** Supplied information follows **

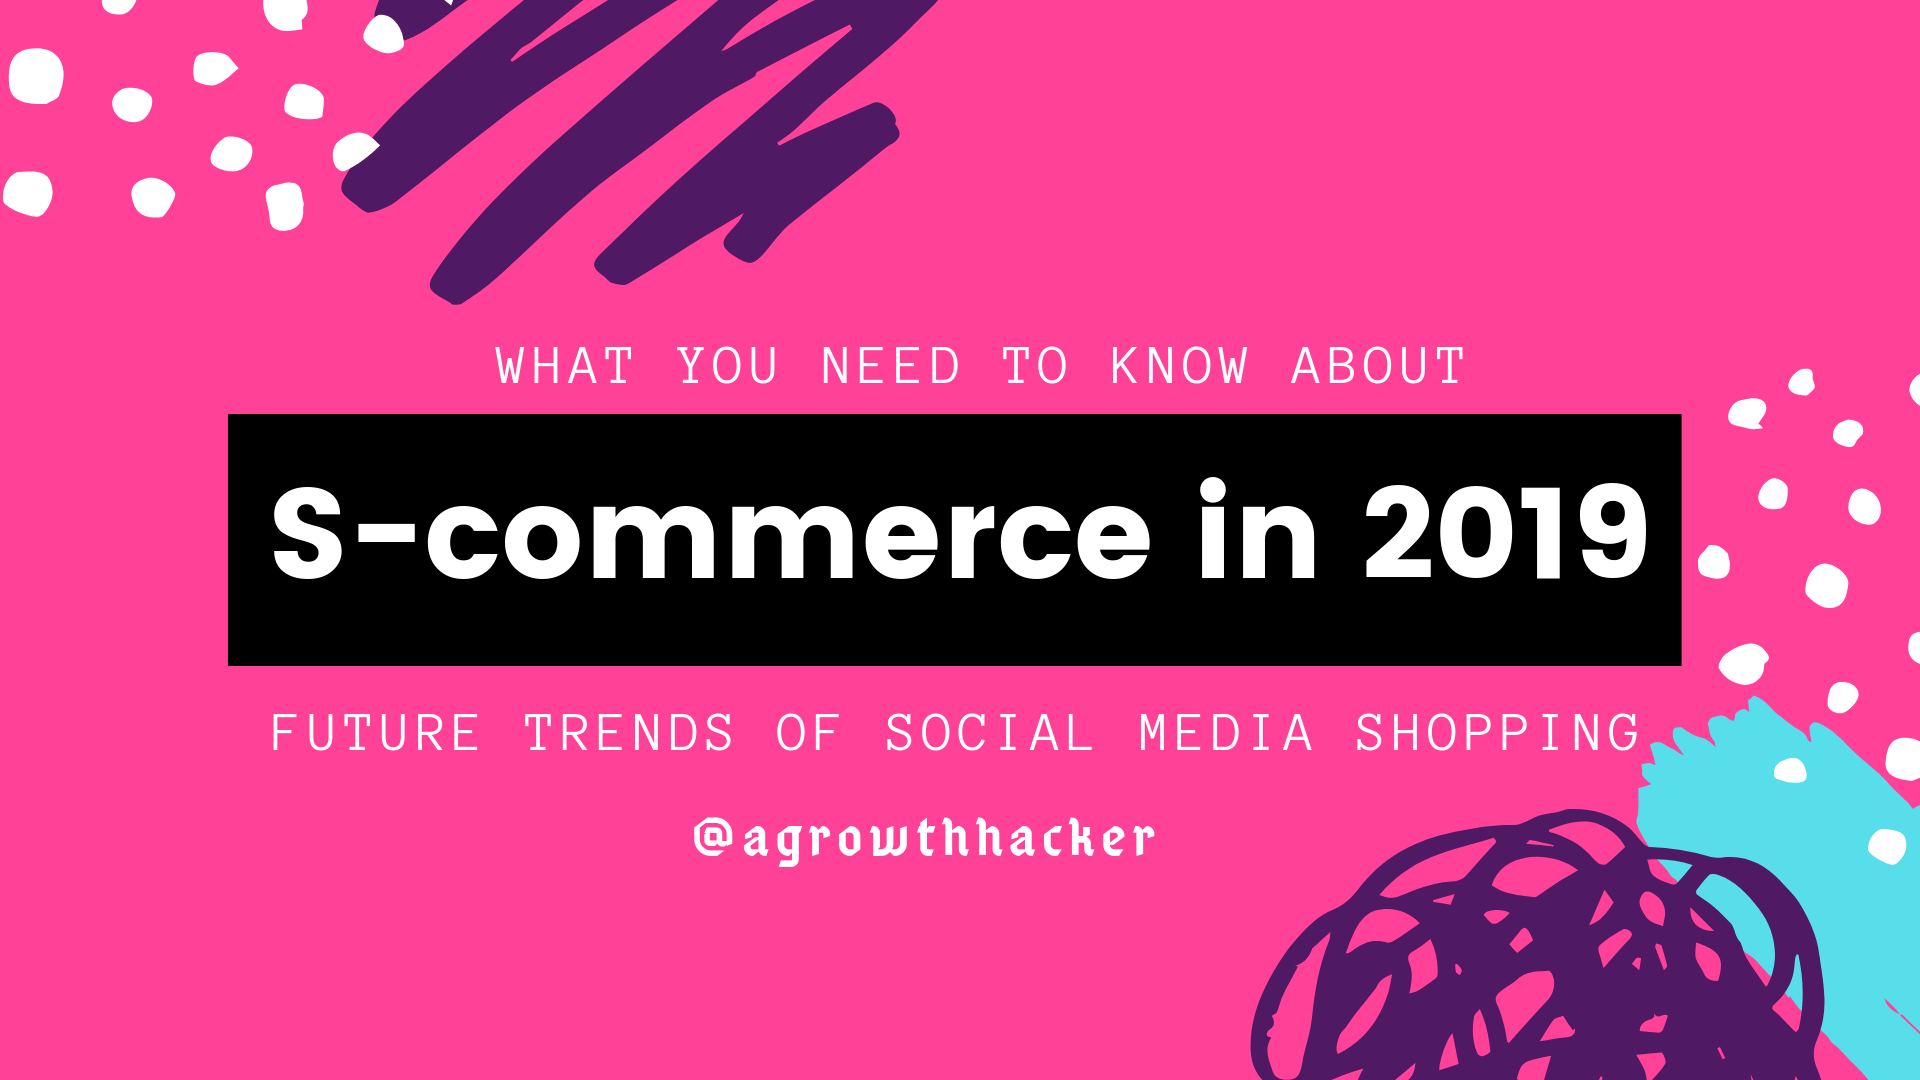 What you need to know about S-commerce in 2019
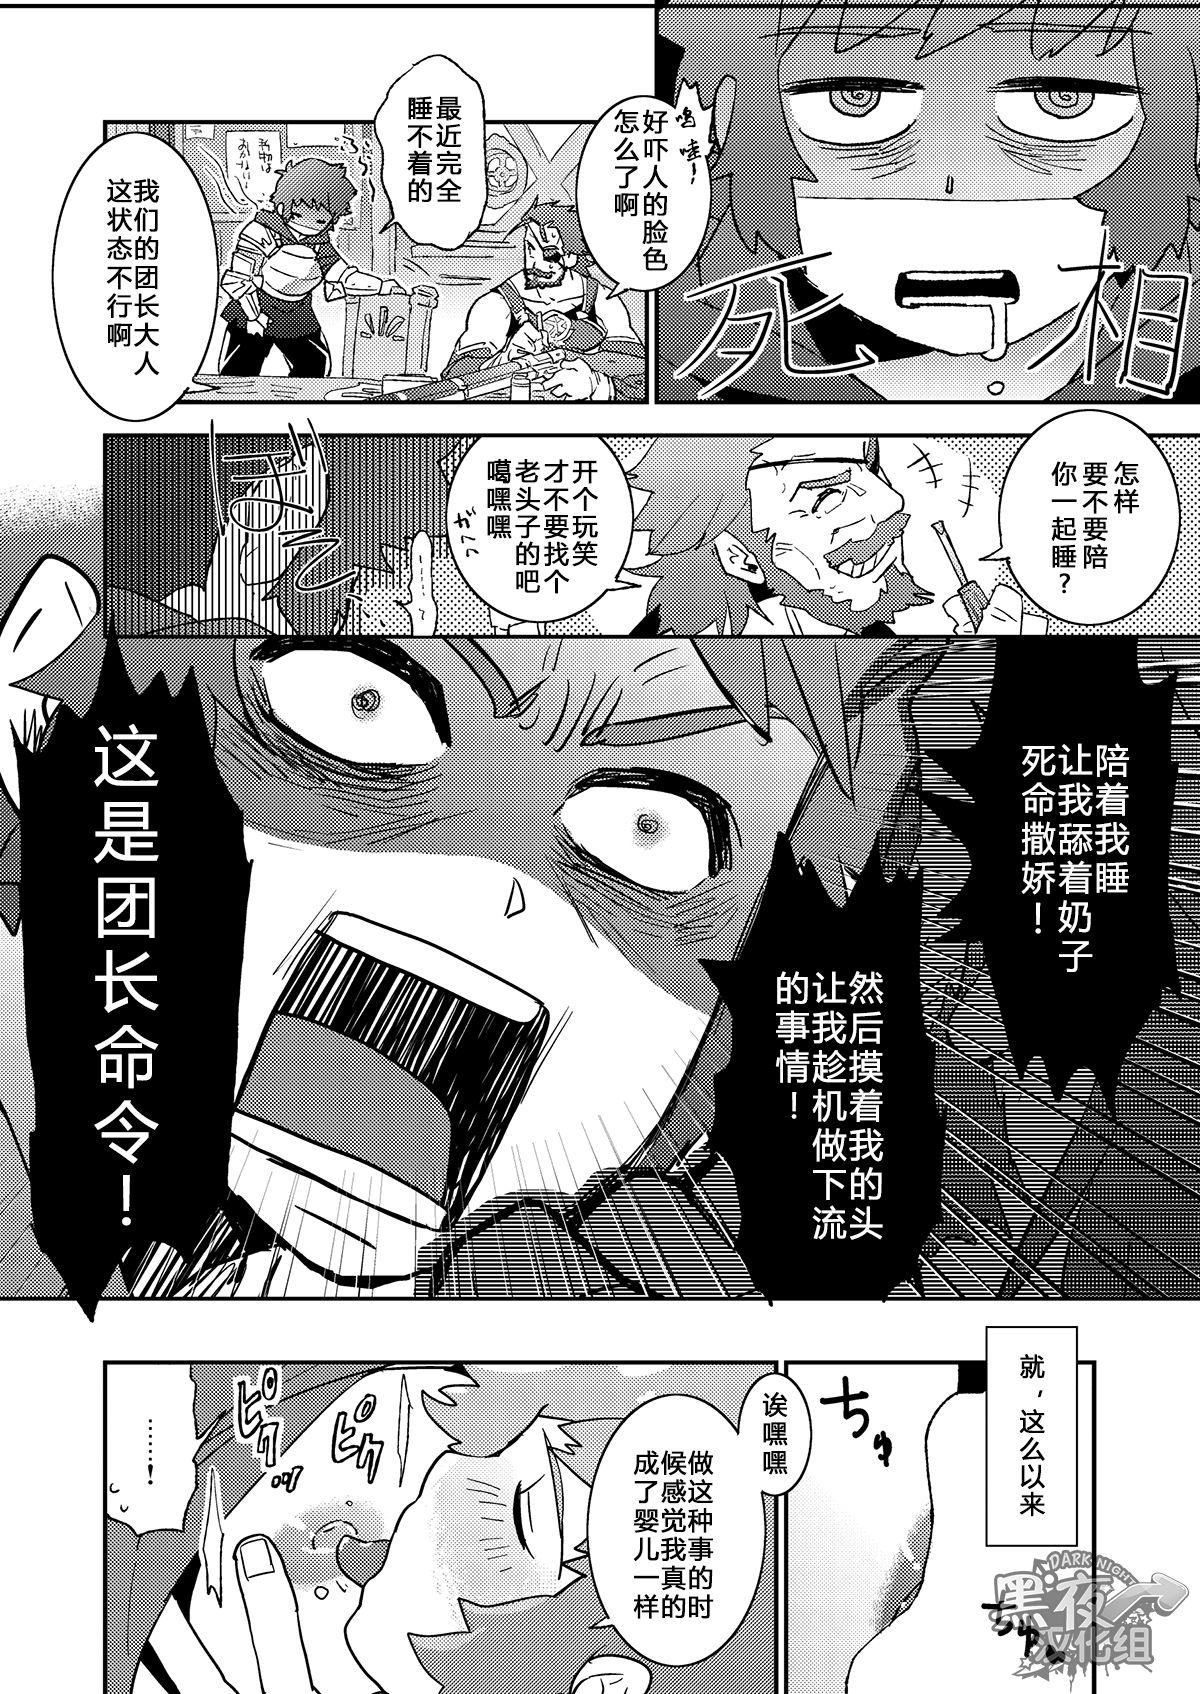 Cum Wanna be baby | 想变成婴儿 - Granblue fantasy Hairy - Page 8
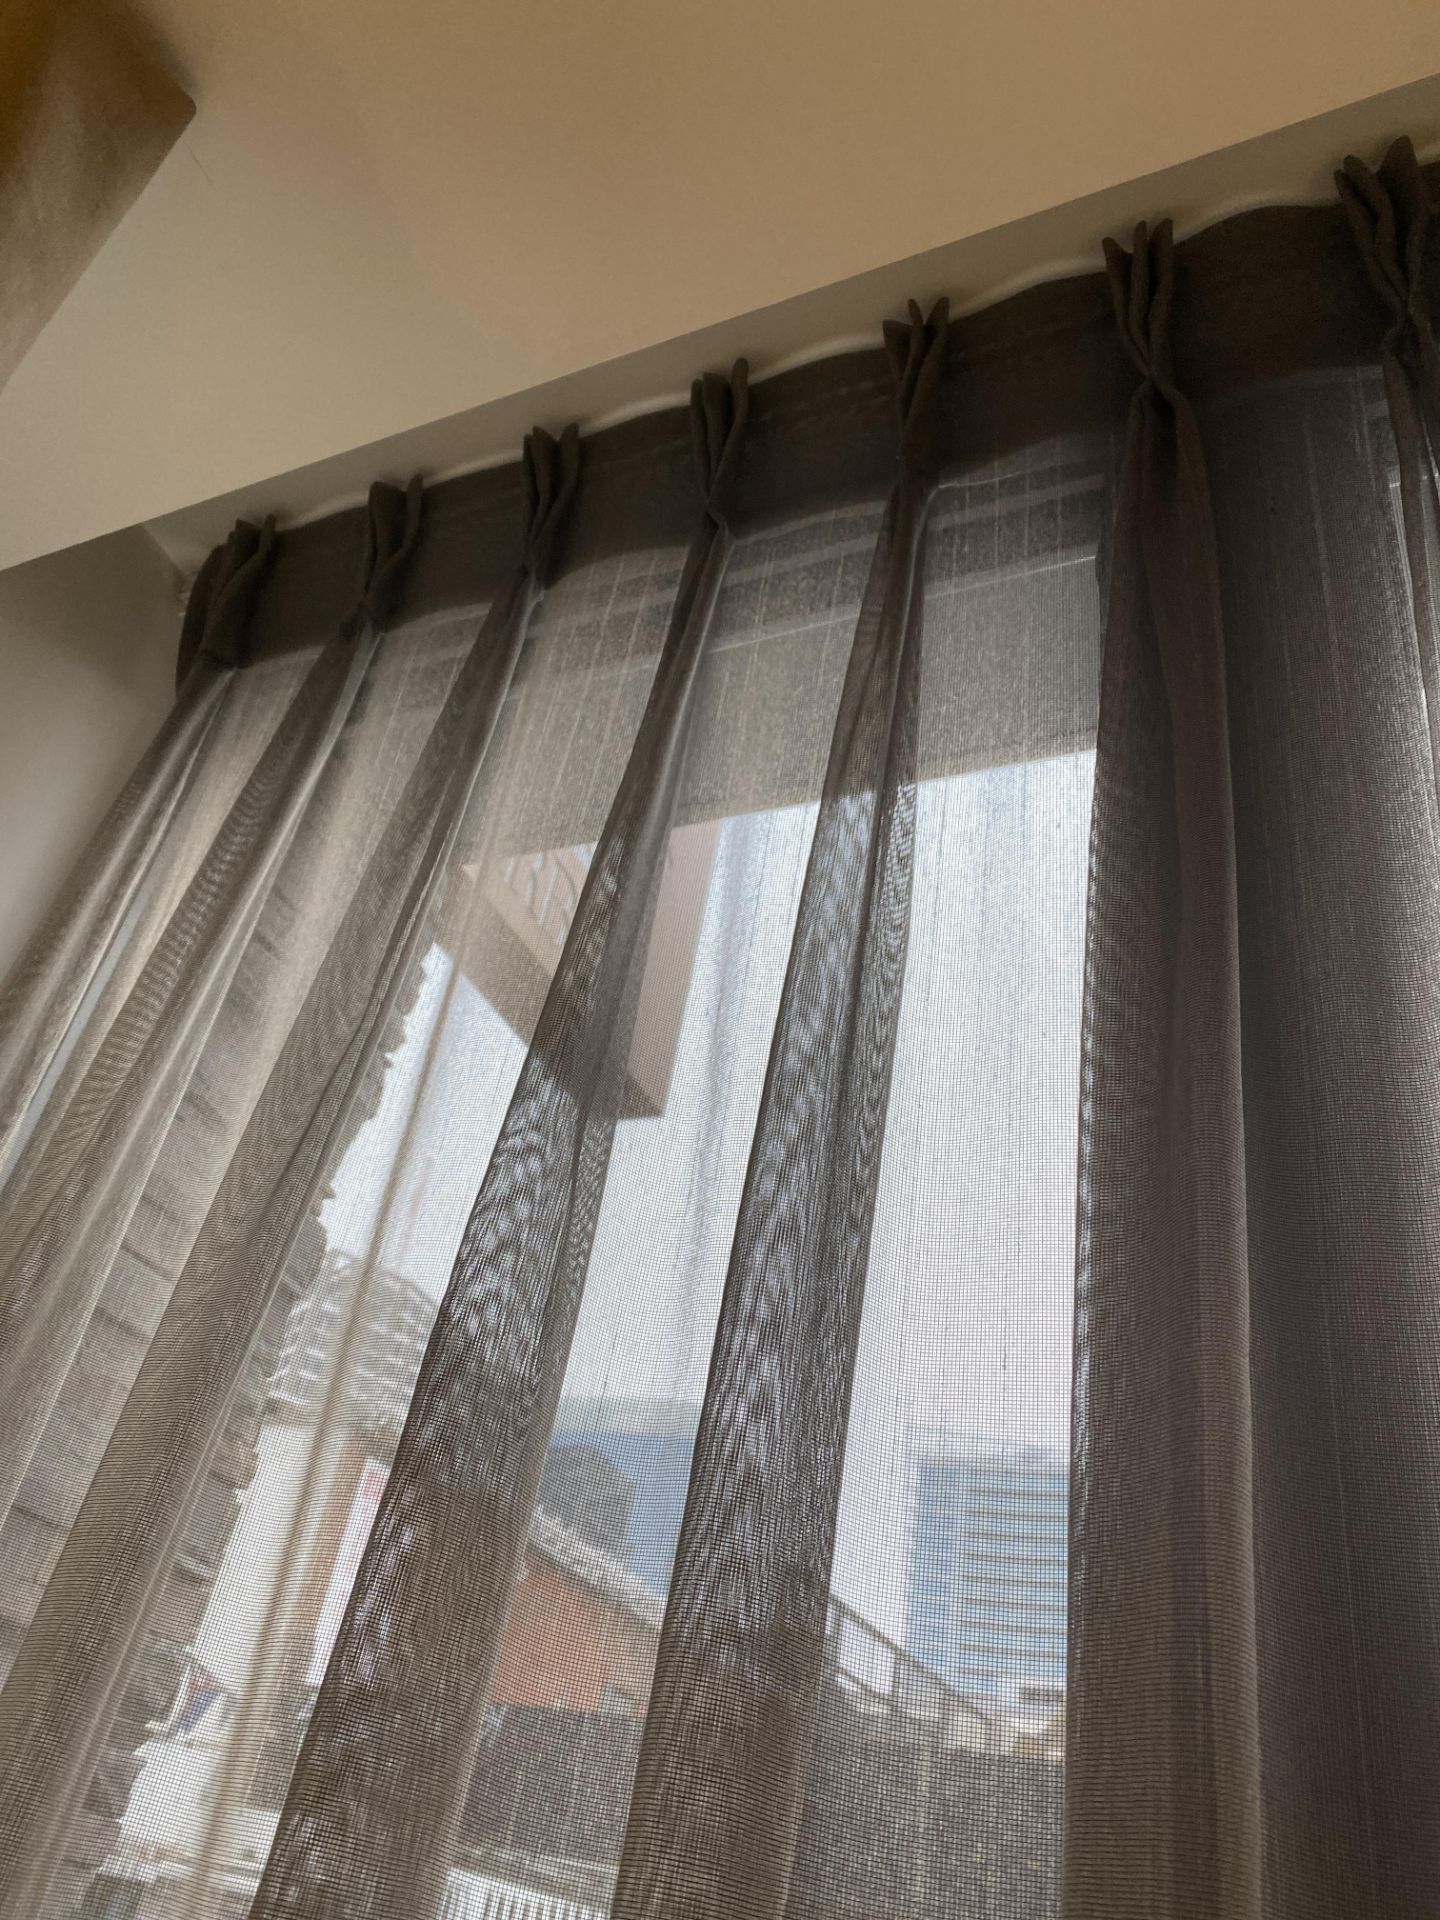 Commercial grade luxury blackout curtains - Image 2 of 5

** End of Supplied information **

• **Requirement**
Once the pictures are set aside, repeat the data above exactly.

• **Output of the exercise**
 What you need to know about S-commerce in 2019
 Cum Wanna be baby | 想变成婴儿 - Granblue fantasy Hairy - Page 8
 Commercial grade luxury blackout curtains - Image 2 of 5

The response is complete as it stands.